He raged against television, not only for homogenizing language and deadening imagination but also for fostering a meaningless, weightless sexual permissiveness. "It has been television," he charged, "which...has brought to a close the age of pity and begun the age of hedone." Many people were astonished by this, coming from the avatar of cinematic sensuality. What he meant, as biographer Barth David Schwartz put it (in his magnificent Pasolini Requiem), is that "the demystification of sex had passed directly to its predictable and obligatory merchandising," leaving most people--or so he judged--neither freer nor wiser nor happier.

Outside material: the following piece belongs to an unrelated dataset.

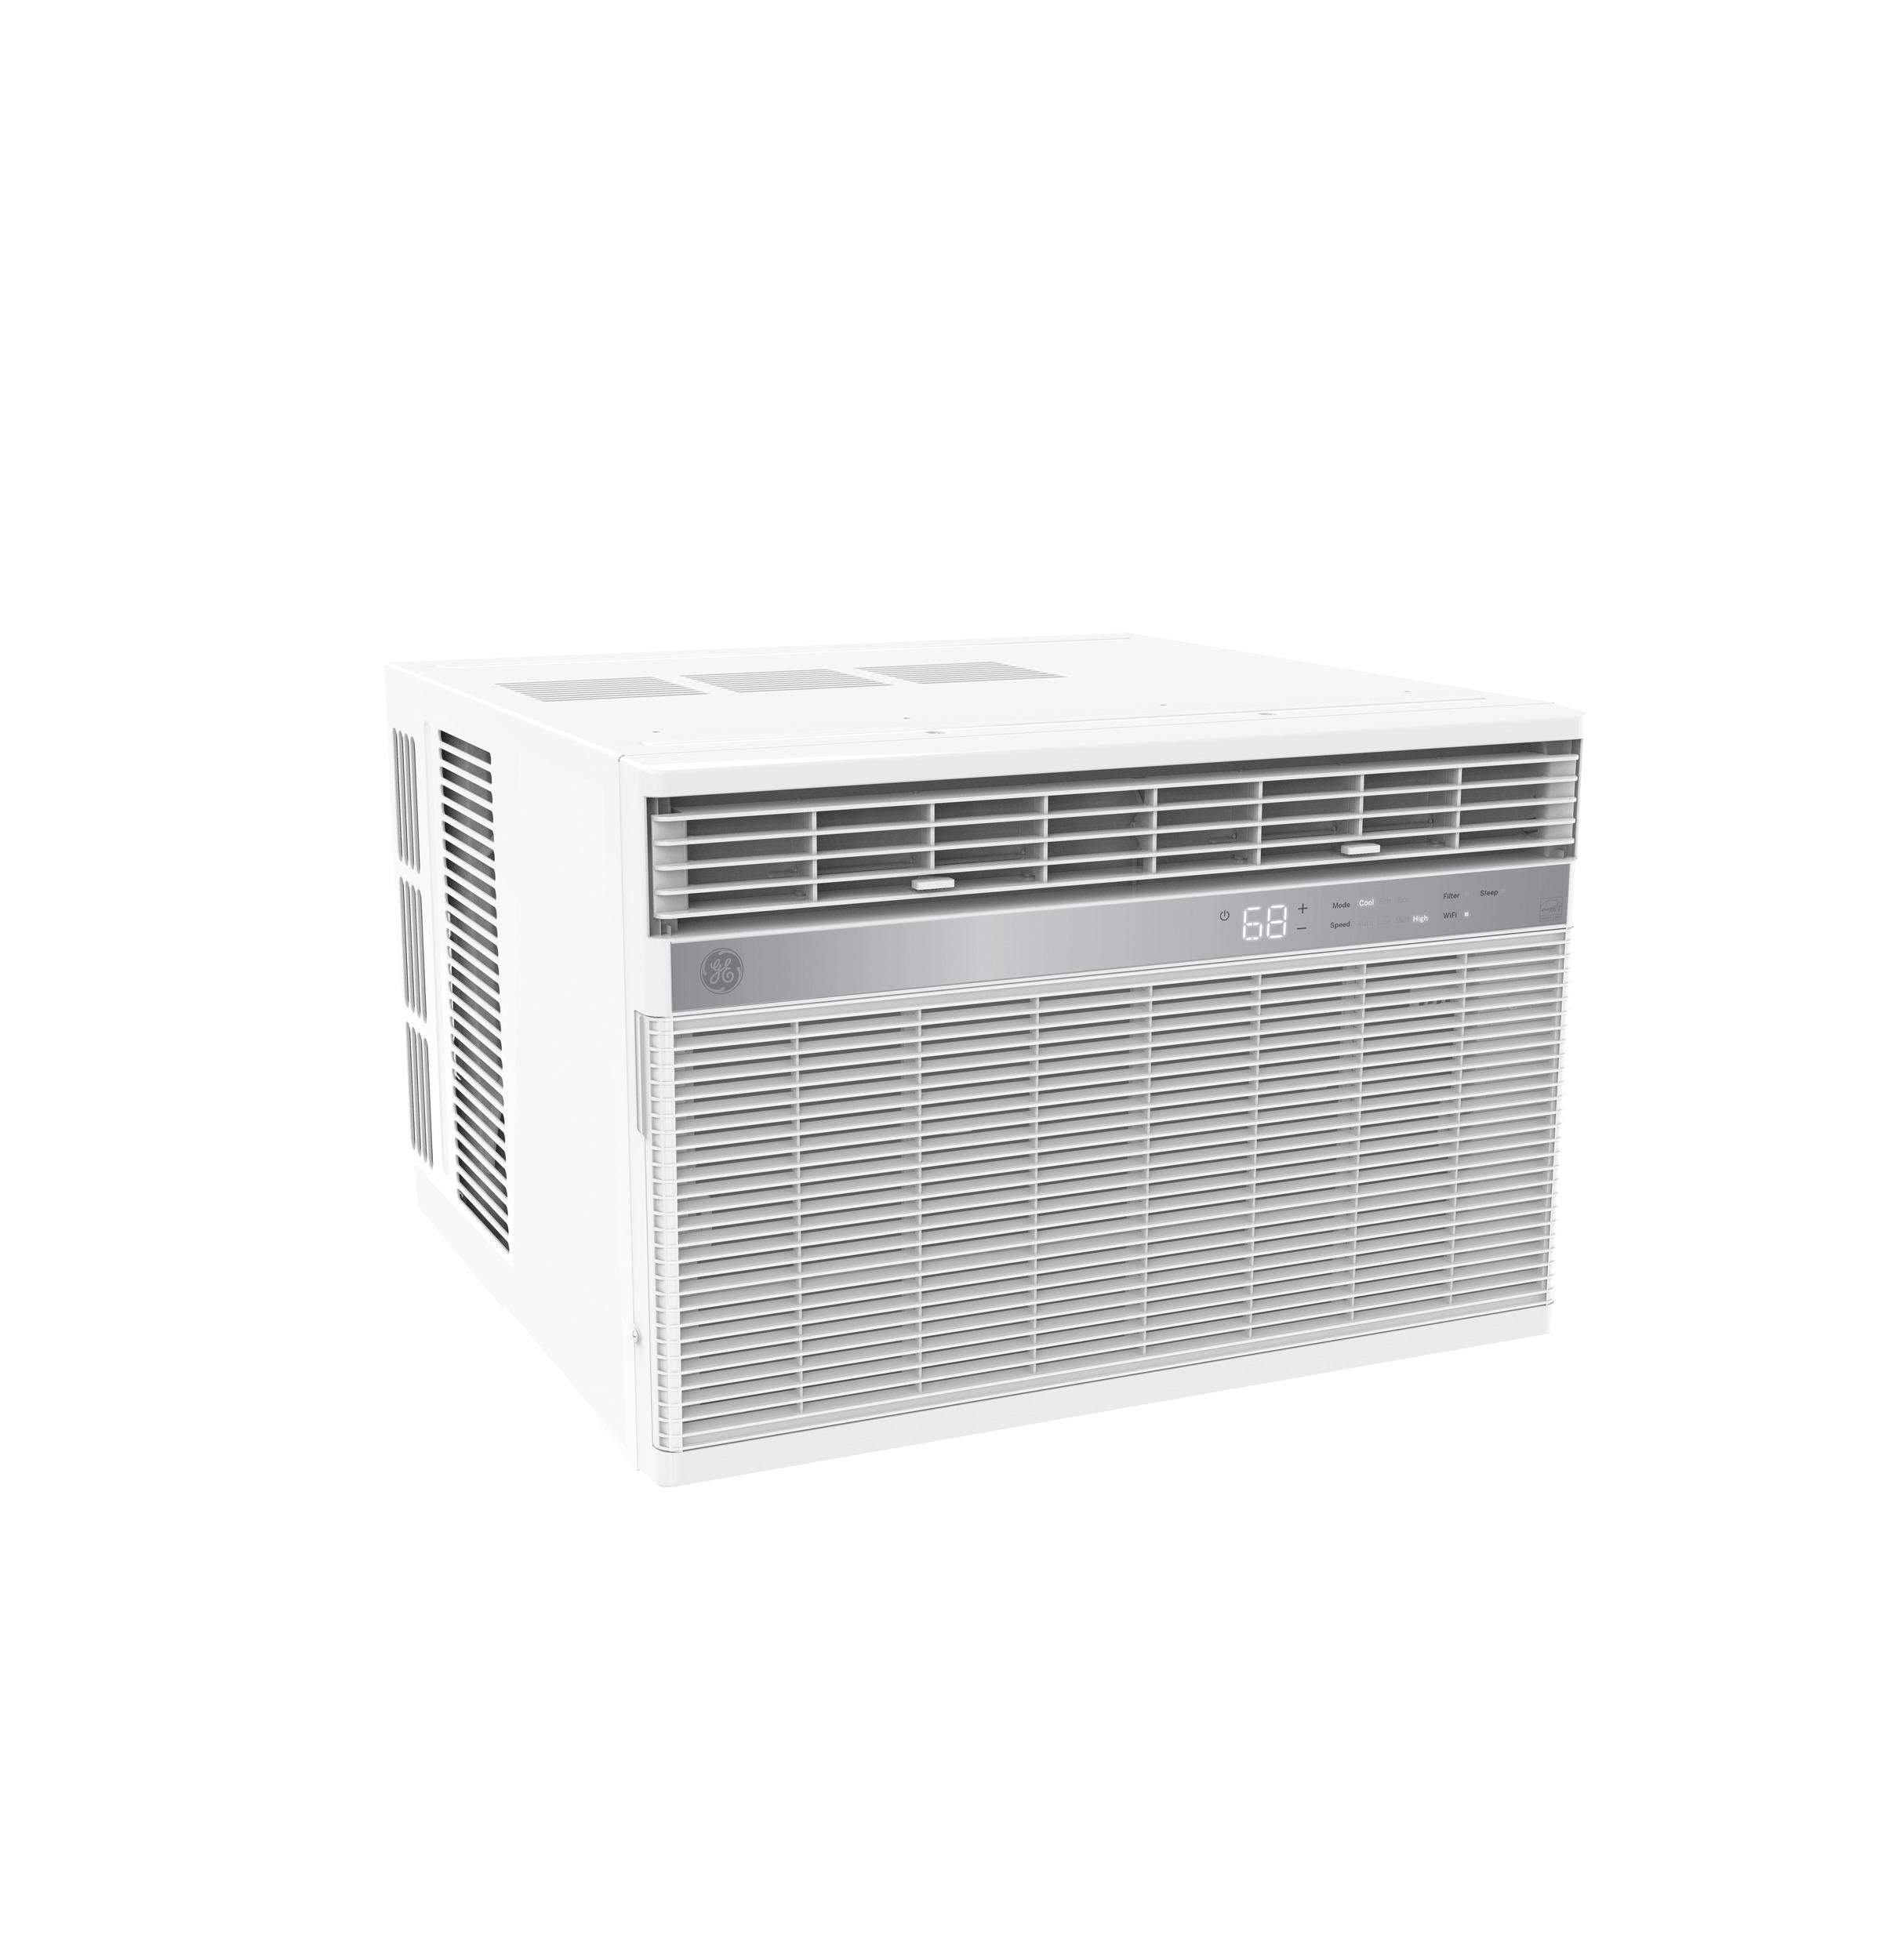 GE® ENERGY STAR® 18,000 BTU Smart Electronic Window Air Conditioner for Extra-Large Rooms up to 1000 sq. ft.
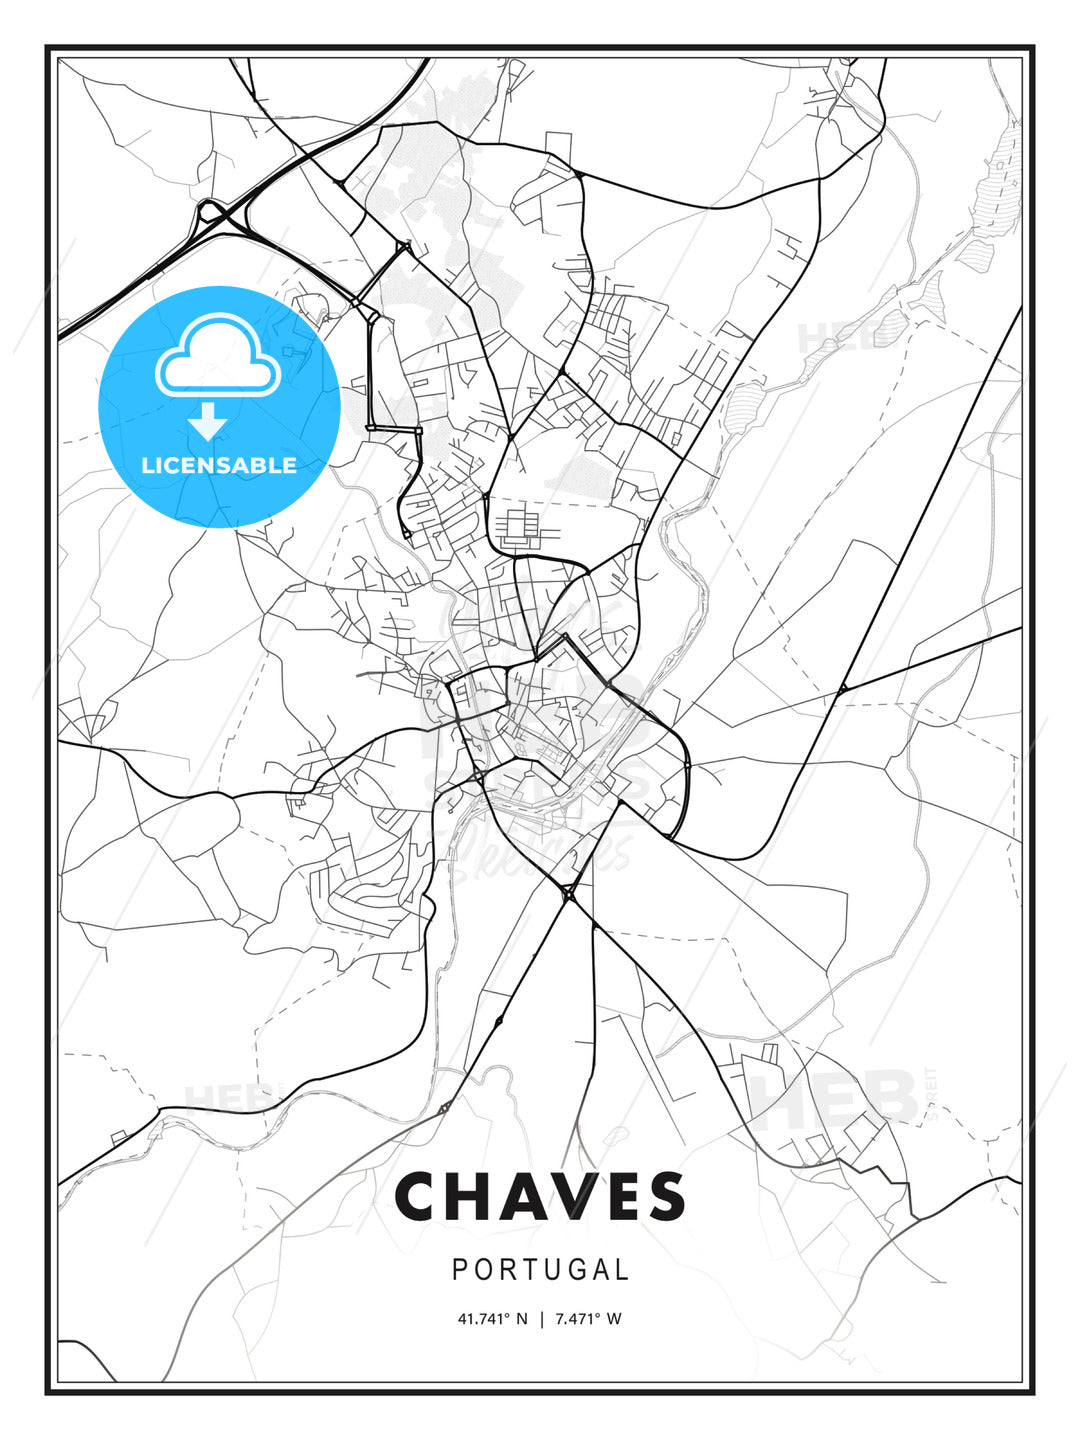 Chaves, Portugal, Modern Print Template in Various Formats - HEBSTREITS Sketches

It was not always clear--in fact, it scarcely ever was--exactly what Pasolini offered as an alternative to the depredations of "progress." (Calvino once wrote that debating him was "like hailing down a Formula One racedriver in the middle of his circles on the track, to ask for a ride.") He admitted freely that he was often too impatient and too exasperated to make sense, that he only had time and strength to articulate "the full force of cold rejection, of desperate useless denunciation." Here is a typically maddening and illuminating specimen of Pasolini's sublime, crackpot antimodernism:

Young males are traumatized by the duty permissiveness imposes on them--that is to say, the duty always and freely to make love. At the same time they are traumatized by the disappointment which their "sceptre" has produced in women, who formerly either were unfamiliar with it or made it the subject of myths while accepting it supinely. Besides, the education for, and initiation into, society which formerly took place in a platonically homosexual ambiance is now because of precocious couplings heterosexual from the onset of puberty. But the woman is still not in a position--given the legacy of thousands of years--to make a free pedagogic contribution: she still tends to favor codification. And this today can only be a codification more conformist than ever, as is desired by bourgeois power, whereas the old self-education, between men and men or between women and women, obeyed popular rules (whose sublime archetype remains Athenian democracy). Consumerism has therefore finally humiliated the woman by creating for her another intimidating myth. The young males who walk along the street laying a hand on the woman's shoulder with a protective air, or romantically clasping her hand, either make one laugh or cause a pang. Nothing is more insincere than the relationship to which that consumerist couple gives concrete expression.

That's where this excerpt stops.